===== DATASET =====

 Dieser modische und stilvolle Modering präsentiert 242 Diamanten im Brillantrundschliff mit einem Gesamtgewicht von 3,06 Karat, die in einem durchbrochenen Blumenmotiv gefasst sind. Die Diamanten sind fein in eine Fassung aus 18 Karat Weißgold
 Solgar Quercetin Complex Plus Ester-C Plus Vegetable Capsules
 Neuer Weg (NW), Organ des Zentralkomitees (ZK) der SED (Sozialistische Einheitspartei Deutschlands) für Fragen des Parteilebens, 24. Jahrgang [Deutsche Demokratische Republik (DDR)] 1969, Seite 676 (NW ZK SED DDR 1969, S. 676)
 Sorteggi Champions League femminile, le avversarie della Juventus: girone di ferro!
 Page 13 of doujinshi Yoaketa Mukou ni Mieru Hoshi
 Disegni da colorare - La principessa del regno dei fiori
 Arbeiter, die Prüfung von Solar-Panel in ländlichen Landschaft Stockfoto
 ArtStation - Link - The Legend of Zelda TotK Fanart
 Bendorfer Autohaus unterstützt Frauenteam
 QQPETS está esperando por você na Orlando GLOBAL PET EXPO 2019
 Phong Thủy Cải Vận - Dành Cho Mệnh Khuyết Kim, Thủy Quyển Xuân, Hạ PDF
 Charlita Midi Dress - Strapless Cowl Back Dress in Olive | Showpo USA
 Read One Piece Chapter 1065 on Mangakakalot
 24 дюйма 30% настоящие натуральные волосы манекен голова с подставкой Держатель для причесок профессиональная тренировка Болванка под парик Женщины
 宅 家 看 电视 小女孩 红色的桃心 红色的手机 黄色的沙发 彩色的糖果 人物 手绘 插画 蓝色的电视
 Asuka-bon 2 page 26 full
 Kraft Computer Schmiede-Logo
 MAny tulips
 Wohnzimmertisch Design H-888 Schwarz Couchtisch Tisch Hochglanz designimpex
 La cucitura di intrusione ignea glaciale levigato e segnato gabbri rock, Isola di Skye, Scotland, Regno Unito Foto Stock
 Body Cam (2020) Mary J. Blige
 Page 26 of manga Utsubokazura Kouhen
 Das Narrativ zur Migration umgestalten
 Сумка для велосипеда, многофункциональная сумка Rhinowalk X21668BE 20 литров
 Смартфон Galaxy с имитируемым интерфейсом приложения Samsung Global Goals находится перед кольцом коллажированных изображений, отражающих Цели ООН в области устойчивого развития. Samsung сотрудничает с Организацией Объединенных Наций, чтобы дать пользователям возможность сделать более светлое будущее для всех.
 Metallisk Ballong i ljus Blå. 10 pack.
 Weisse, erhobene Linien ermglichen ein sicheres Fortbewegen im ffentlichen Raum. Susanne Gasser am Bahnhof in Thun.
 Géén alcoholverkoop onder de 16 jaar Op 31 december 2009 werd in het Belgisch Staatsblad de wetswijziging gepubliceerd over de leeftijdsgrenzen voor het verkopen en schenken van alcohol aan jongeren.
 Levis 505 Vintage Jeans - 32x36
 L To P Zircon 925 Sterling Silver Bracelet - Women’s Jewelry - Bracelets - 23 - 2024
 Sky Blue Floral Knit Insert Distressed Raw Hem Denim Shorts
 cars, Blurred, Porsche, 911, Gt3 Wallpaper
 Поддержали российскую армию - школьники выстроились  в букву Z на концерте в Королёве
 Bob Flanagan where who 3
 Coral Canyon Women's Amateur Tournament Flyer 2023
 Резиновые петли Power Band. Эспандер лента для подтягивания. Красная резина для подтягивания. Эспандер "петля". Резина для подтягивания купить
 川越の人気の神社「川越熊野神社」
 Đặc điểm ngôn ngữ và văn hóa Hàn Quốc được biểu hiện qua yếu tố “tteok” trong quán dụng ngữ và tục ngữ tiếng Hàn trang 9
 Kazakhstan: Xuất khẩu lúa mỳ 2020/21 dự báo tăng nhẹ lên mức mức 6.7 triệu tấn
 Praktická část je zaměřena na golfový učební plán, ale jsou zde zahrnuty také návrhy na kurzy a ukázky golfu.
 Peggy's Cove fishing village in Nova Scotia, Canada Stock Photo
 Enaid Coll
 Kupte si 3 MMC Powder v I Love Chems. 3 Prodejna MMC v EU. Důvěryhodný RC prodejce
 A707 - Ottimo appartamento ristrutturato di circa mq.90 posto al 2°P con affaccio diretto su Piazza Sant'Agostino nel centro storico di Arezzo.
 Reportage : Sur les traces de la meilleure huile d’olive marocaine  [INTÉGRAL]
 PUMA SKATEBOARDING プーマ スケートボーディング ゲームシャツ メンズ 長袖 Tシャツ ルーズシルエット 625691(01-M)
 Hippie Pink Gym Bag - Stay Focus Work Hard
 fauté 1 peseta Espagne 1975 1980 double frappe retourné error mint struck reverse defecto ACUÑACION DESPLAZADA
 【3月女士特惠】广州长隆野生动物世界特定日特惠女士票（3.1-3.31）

=====

**WORK REQUIRED:** The required output is the stretch of entries above from the line containing "Read One Piece Chapter 1065 on Mangakakalot" through the line containing "MAny tulips", reproduced exactly.

**SOLUTION TO THE PROBLEM:**
 Read One Piece Chapter 1065 on Mangakakalot
 24 дюйма 30% настоящие натуральные волосы манекен голова с подставкой Держатель для причесок профессиональная тренировка Болванка под парик Женщины
 宅 家 看 电视 小女孩 红色的桃心 红色的手机 黄色的沙发 彩色的糖果 人物 手绘 插画 蓝色的电视
 Asuka-bon 2 page 26 full
 Kraft Computer Schmiede-Logo
 MAny tulips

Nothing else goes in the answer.